One problem I always run into in my small garden is how much of any one crop to plant. Of course, I know we’ll use all the tomatoes, eggplant and cucumbers we can grow. A four-foot row of peas wasn’t nearly enough to make them worth the space, and four feet of kale is more than enough. Before this year, I hadn’t grown cabbage. But I’ve been growing fond of it, cooked and raw, in a lot of ways, and red cabbage in particular is really packed with vitamins. 

So this spring when I saw some red cabbage seedlings, and planted the lot of them. All nine. In a little less than a four-foot row. The right number of seedlings to plant in that space was four or probably three. Over the growing season, one of my nine seedlings got pulled out by birds (or dogs,) and I thinned out two more over time. They’re still too close together, and the one at the end with the most light is growing at the expense of the others.

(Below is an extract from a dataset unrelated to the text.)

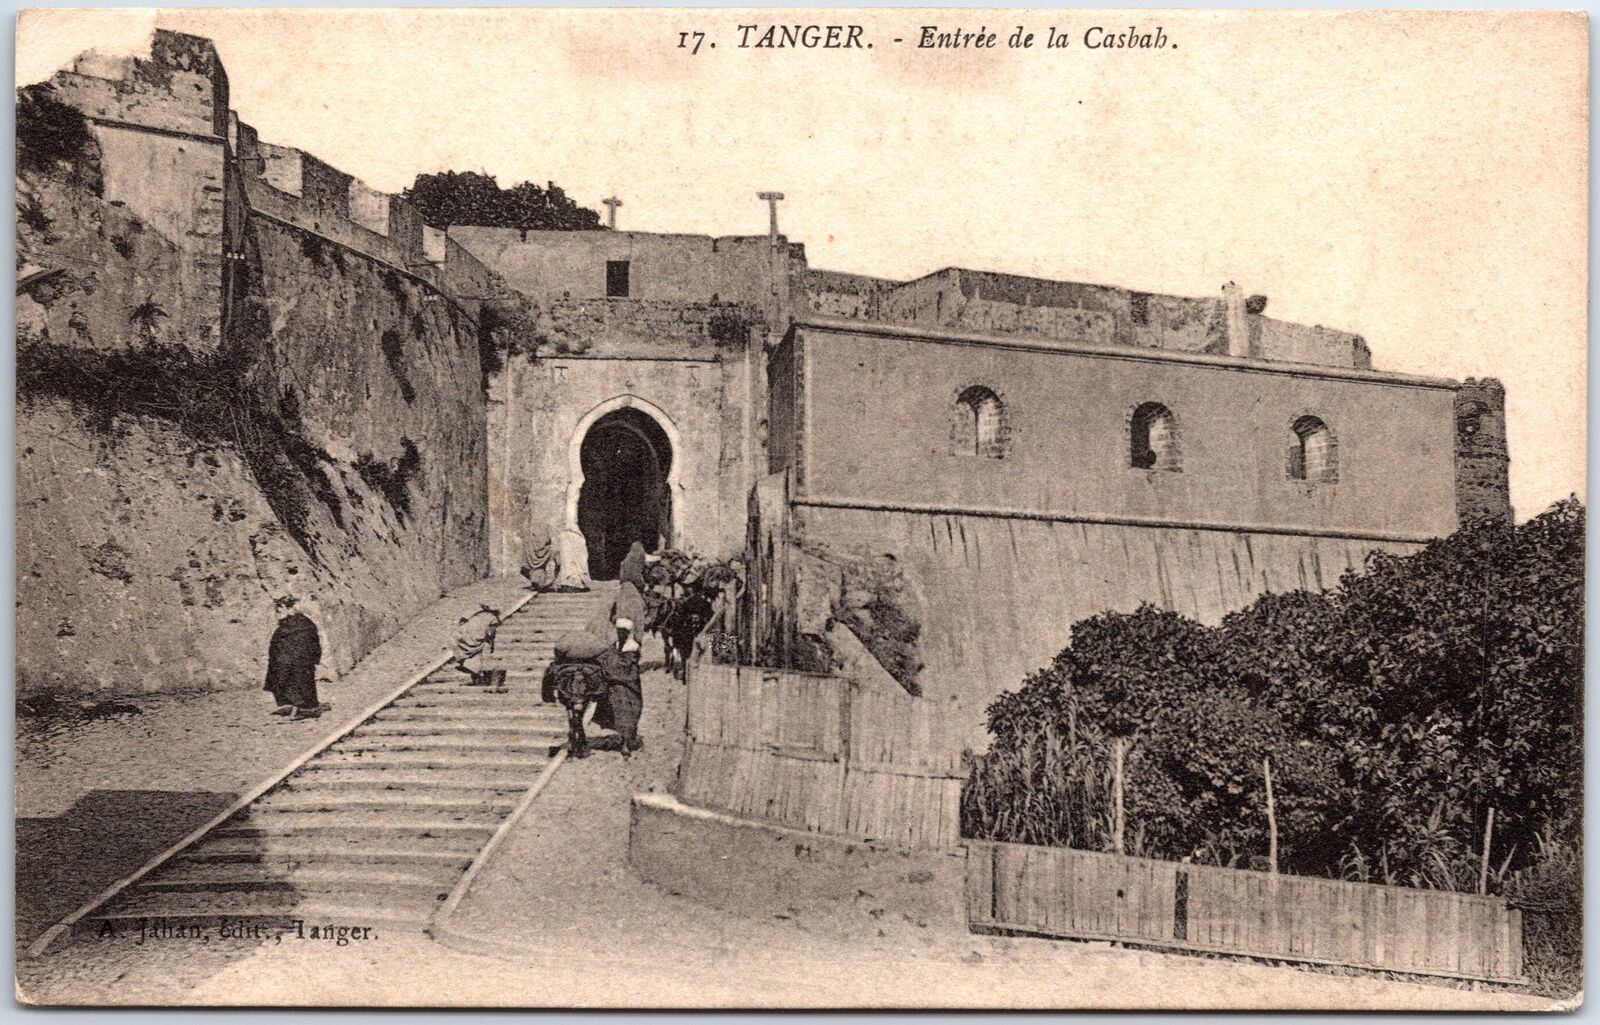 VINTAGE POSTCARD ENTRANCE TO THE CASBAH AT TANGIER MOROCCO c. 1910s
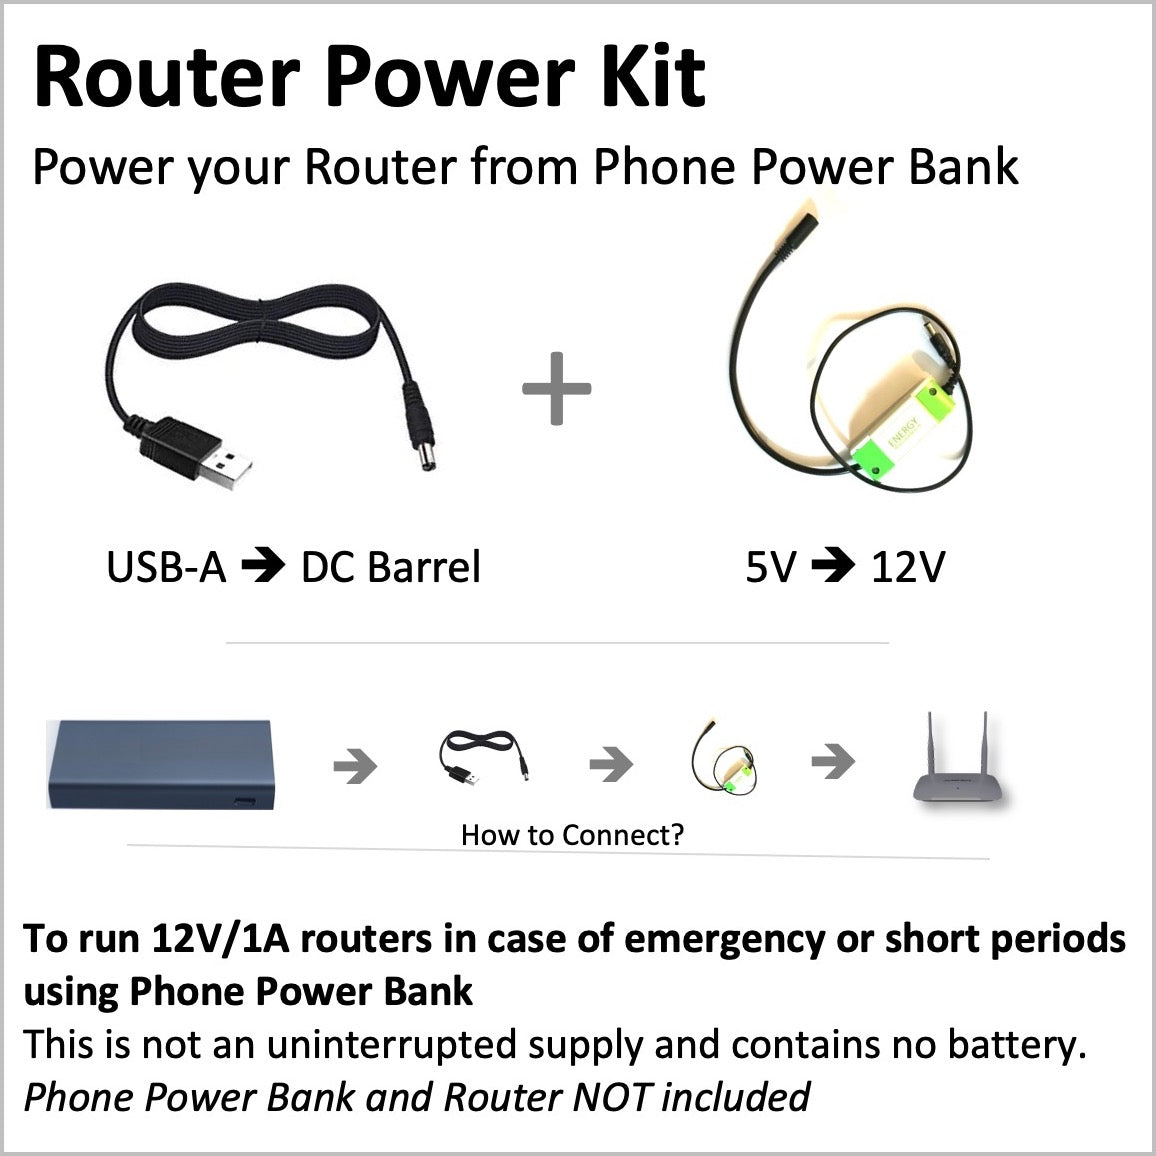 Router Power Kit - Run your Router from phone power bank

Lots of cabbages, crowded together.

Next year, I really have to think more about the eventual size of each plant and more about how much of each crop I can actually use. For the space they take up, three or four cabbages next year would be about right. They should keep growing until at least the first frost, but I can probably harvest a few earlier than that. But unless we’re going to eat five pounds of cabbage a week, there’s no need for nine.

Scout is looking good by the biggest cabbage.

The other thing to remember is that red cabbage is a really ornamental plant. I might try growing it in some of the flower bed next year, maybe in pots, or maybe directly in the ground. That would free up space for a more compact crop.